Why this hits community organisations hardest

The burden is not evenly shared. Large commercial operators have IT teams and content management systems with built-in deduplication tools. A Fitzroy-based community legal centre running on a $180-a-year shared hosting plan does not. Neither does a Footscray multicultural resource hub relying on a volunteer webmaster who rotates every eighteen months. Each time a new volunteer takes over, images get re-uploaded rather than sourced from existing libraries. Over five years, that means one organisation can accumulate hundreds of redundant files, each consuming bandwidth and each presenting a slightly different version of the same photograph — different file sizes, different compression, different metadata — to search engines and accessibility tools.
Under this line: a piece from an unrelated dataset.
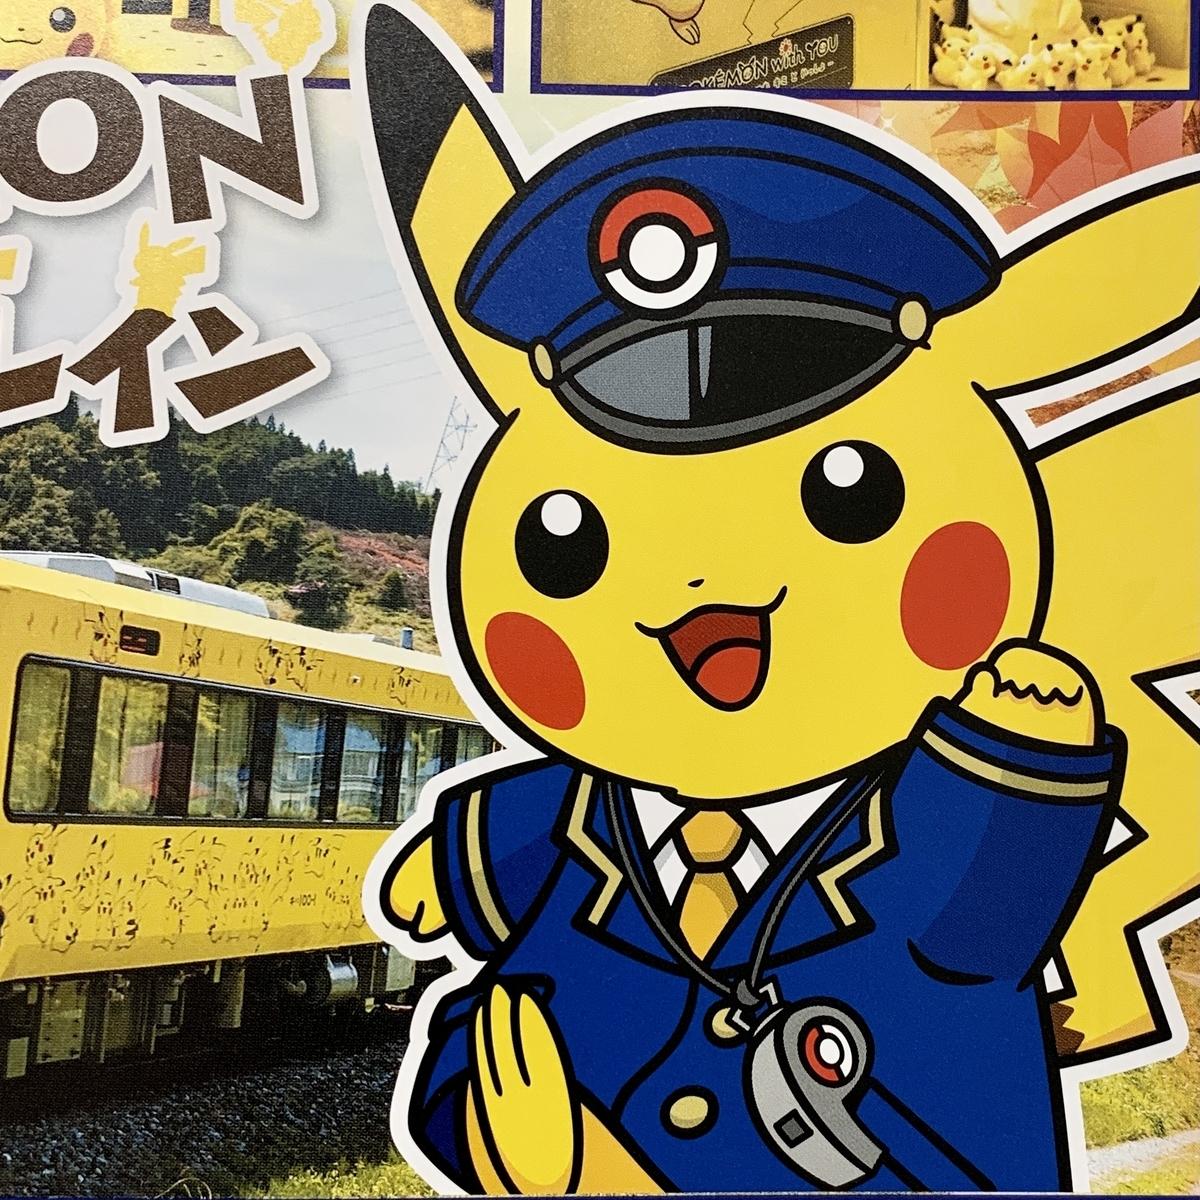 f:id:pikachu_pcn:20211013182209j:plain

The Collingwood-based digital agency Pixel Commons, which works with non-profit clients across the inner north, estimates that a mid-sized community organisation with a three-year-old website will typically spend between $600 and $1,400 per year on hosting and bandwidth costs that could be cut by roughly a third through a proper image deduplication process. For groups already stretching budgets to run services on Richmond's Church Street or Brunswick's Sydney Road, that is not a trivial sum.
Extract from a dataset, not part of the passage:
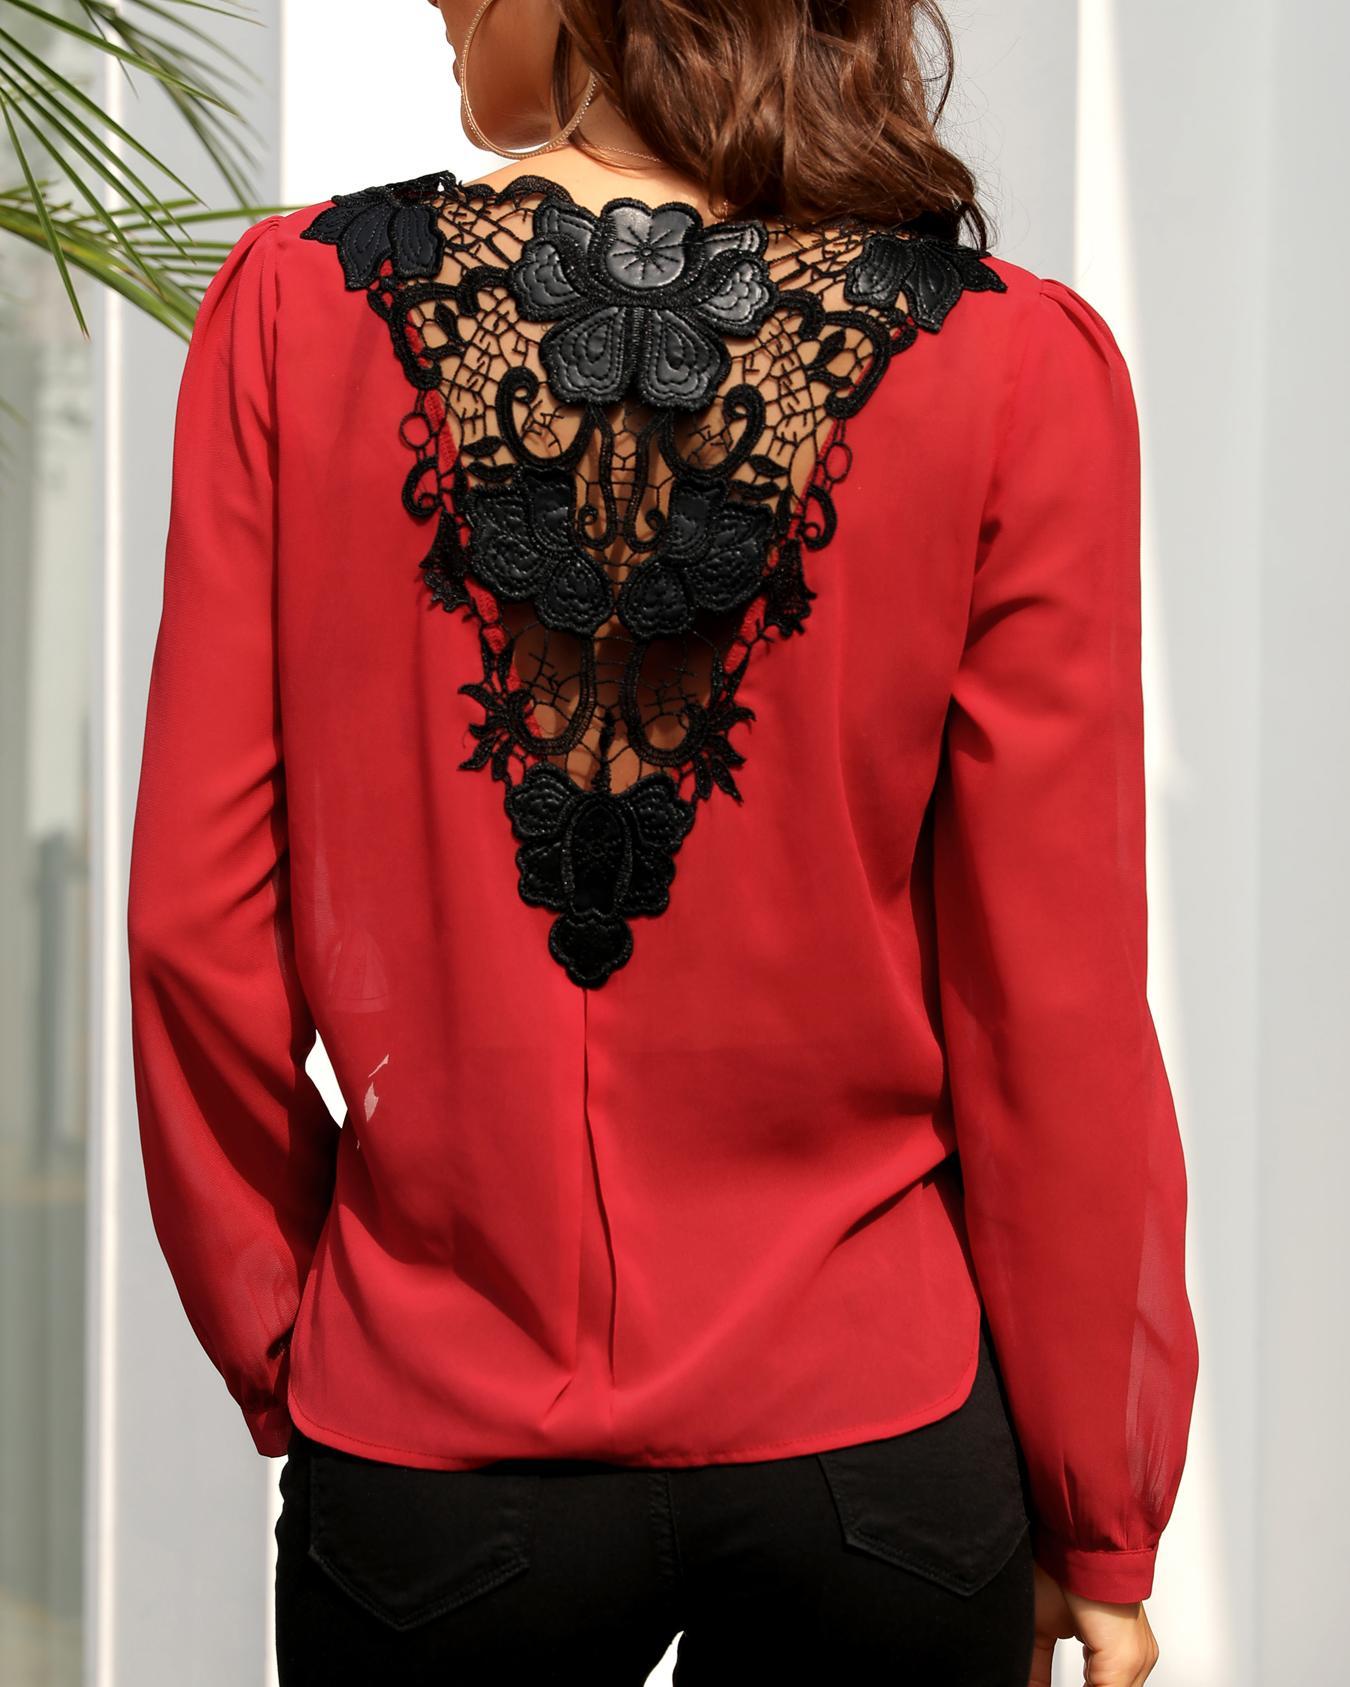 Lace Crochet Back Surplice Front Blouse

There is a community trust dimension here too. When Moreland Community Health — now operating under the rebranded Merri Health umbrella since 2022 — ran a client-facing web refresh last year, staff flagged that outdated duplicate images were showing facilities and staff members who had left the organisation years earlier. For communities where familiarity and consistency build confidence in services, that kind of digital inconsistency has real consequences for uptake.

What residents and organisations can do now

The Victorian Government's Digital Victoria team published updated guidance in May 2026 recommending that any organisation receiving state funding conduct an annual media library audit using freely available tools including Duplicate Cleaner and ImageDeDup. Both run locally without uploading data to external servers, which matters for organisations handling sensitive community information.

The City of Melbourne's own digital team completed a duplicate image purge of its community grants portal in February 2026, reducing the portal's total image library from 14,200 files to just under 8,000 — a 44 per cent reduction — with no visible change to the user experience. Council officers said the process took one staff member three days using semi-automated tools.

For residents, the practical upshot is straightforward: if a local service's website loads slowly, shows outdated photos or displays inconsistent branding, it is worth flagging to the organisation's contact team. Many smaller groups have no idea the problem exists until someone points it out. Community tech support programs run through the Darebin Community Learning Centre and the Merri-bek Tech Help Hub on Lygon Street offer free drop-in sessions for exactly this kind of digital housekeeping. The next Merri-bek session runs on 16 July, with bookings opening through the council website from Monday.